Ooooooooh Man I never seen one of these. It shoots Pez candy?

Now I feel my childhood of the 70s has a missing link...hahahahah

This is turning into a fun to read thread. Love the stories of yesteryear. 
Those were the days!! Beeing a kid was the best :woohoo:

Bob...big kid...zilla


----------



## JordanZ870

I was 7 and my sister 9 as we threw the Jarts straight UP as high as we could make them go. 
Mother trashed them after my father pulled one out of the top of my foot. Here is the irony. 
I was mad at my MOTHER!
I really did LOVE those Jarts.

Whats not to love, hey? They were missiles! They had fins! 
They were pointy and they were made to THROW!


----------



## bobhch

joez870 said:


> I was 7 and my sister 9 as we threw the Jarts straight UP as high as we could make them go.
> Mother trashed them after my father pulled one out of the top of my foot. Here is the irony.
> I was mad at my MOTHER!
> I really did LOVE those Jarts.
> 
> Whats not to love, hey? They were missiles! They had fins!
> They had points and they were made to THROW!


:lol: RAOTFLMAO :lol:

OMG....With a discription of Yard Darts like this hahahhahaha
Maybe they will make a comeback. 

Oh man Joez you crack me up!!

Bob...my Mom makes me so  (but I love her)...zilla


----------



## SplitPoster

Oh man, we had jarts too. Seems like I remember that if you hit the right kind of rocks they'd throw sparks. For some reason they disappeared about the time I was 13 or 14. One day we were laying out glass bottles and jars for targets... I know we found some more jars, but the jarts just vanished. Go figure.


----------



## foxkilo

Ealkin about weapons. do you remember when those Superballs came out in the mid 60s. Before Hong Kong got hold of rhem and threw copies in every size and colour at you. I'm talking about the original gray/green ones straight out from the US of A. Those things were really hard and they could wreck mayhem in your street. Dents in your neighbours car, smashed windows and the lot. I don't know how they were called in the states but over here rhey went under the name of wonder- or superball.

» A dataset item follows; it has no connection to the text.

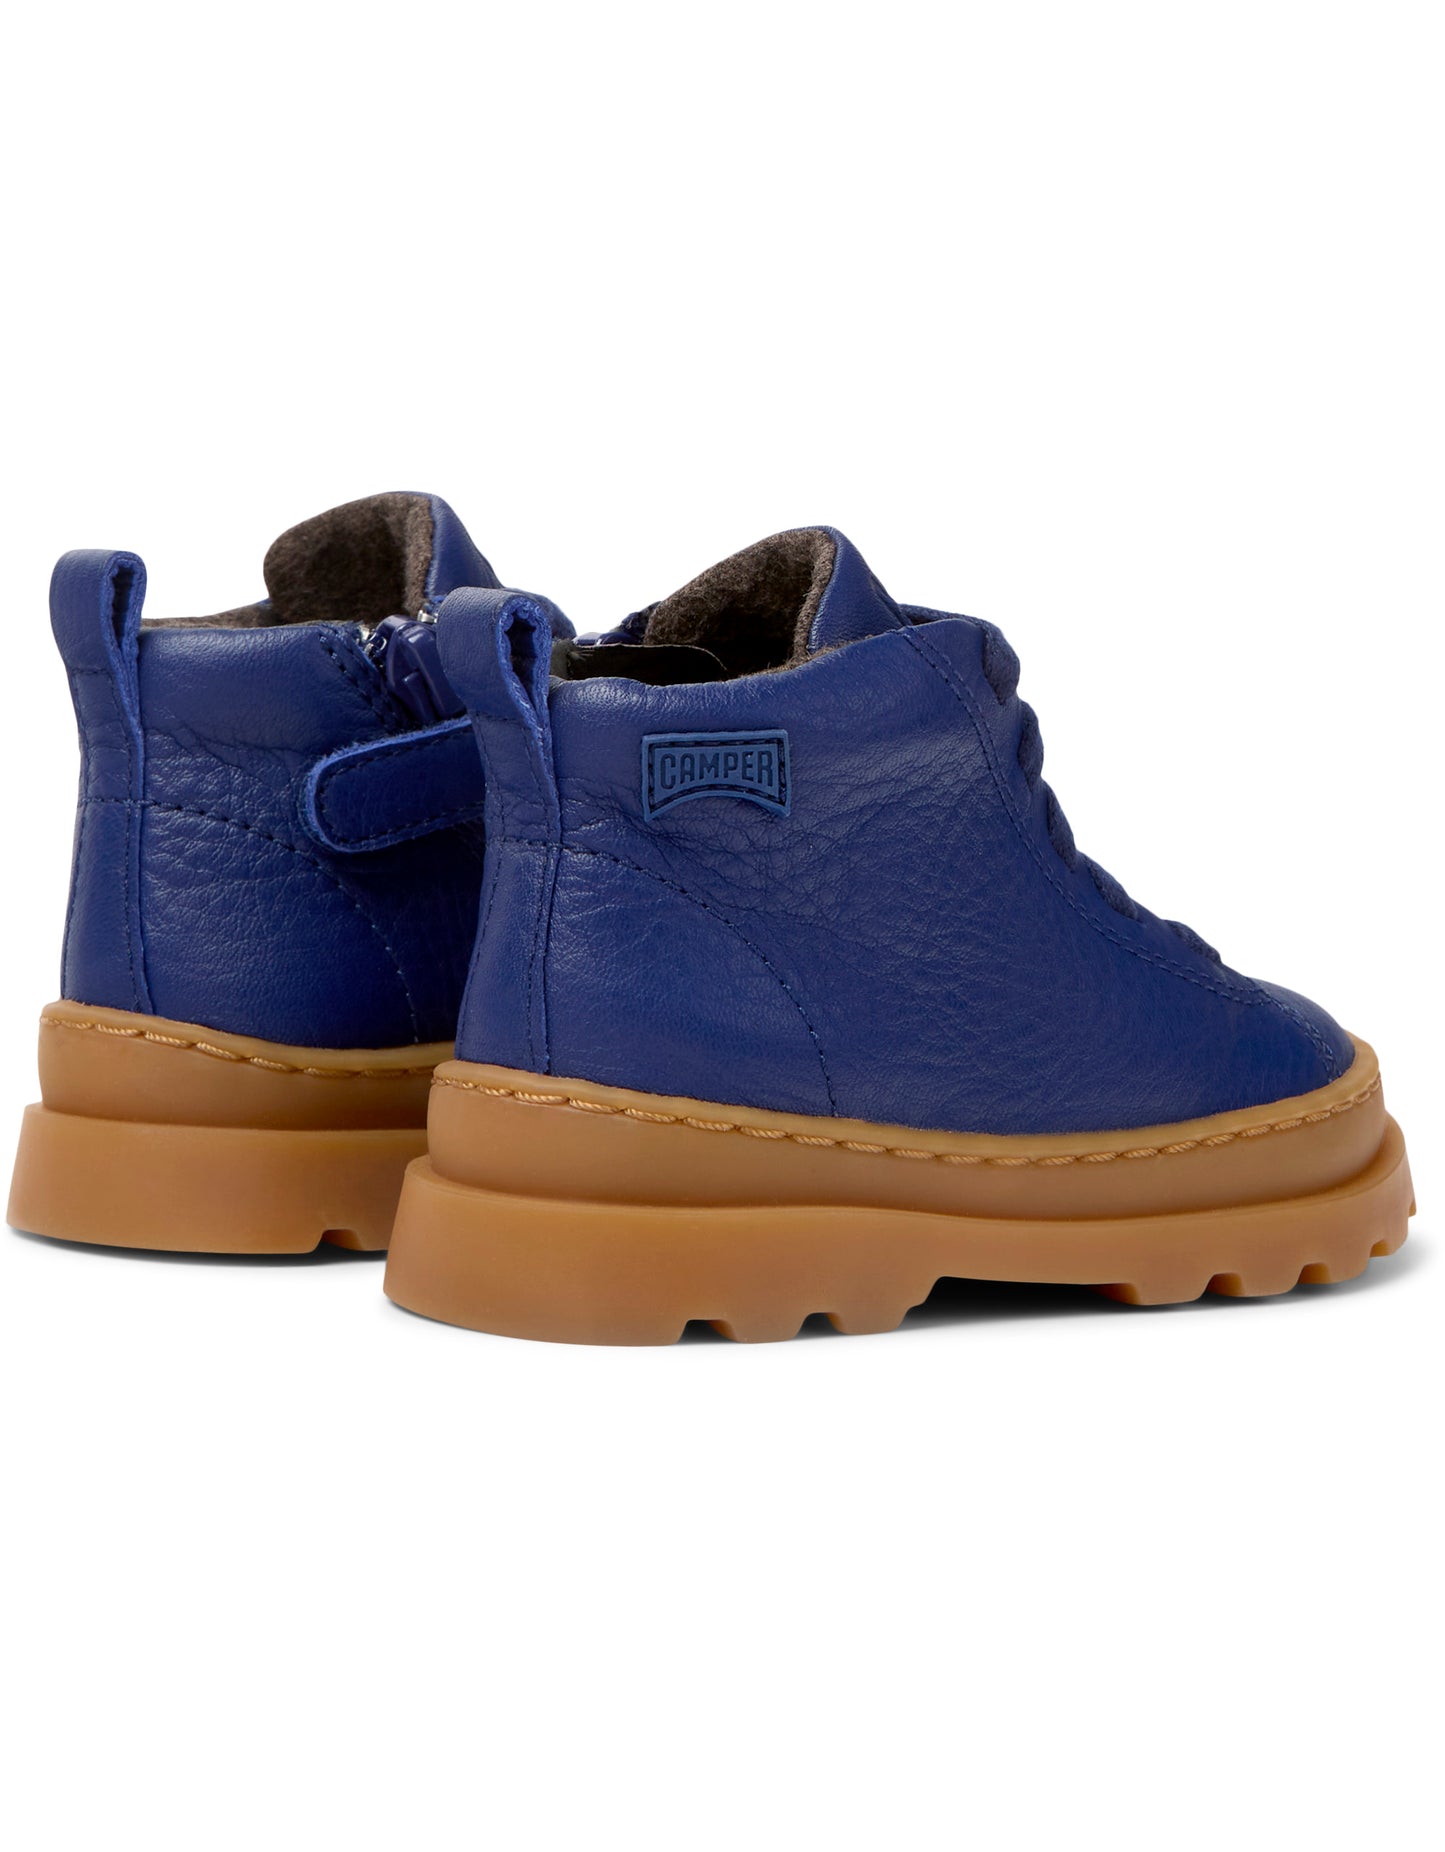 A pair of boys boots by Camper, style K900291-003, in blue leather with lace and zip fastening. Angled view.

BTW Bob for a long time you could those PEZ gun only by collecting wrappers and sending to PEZ. Do you know that PEZ is actually an Austrian company.


----------



## TexMexSu

Those guns were great but why not make your own army with Mattels Thingmaker Fighting Men Set?

Nothing like a hot plate for kids to play with.......


----------



## Shadowracer

This may be slightly off topic, but my brother almost burned his bed down with a Lite Brite. 

Anyway...lawn darts. For me, that was something that got trotted out at picnics and stuff. I once launched one and it came down on a kid's shoulder....right in the soft spot between neck and collarbone. Good thing the kid's skin held and it didn't go through, although it was still not pretty. I sorta get why they went the way they did. At least with horseshoes you don't have to throw them way up. 

Those disk shooters are pretty cool. We played army men with those too


----------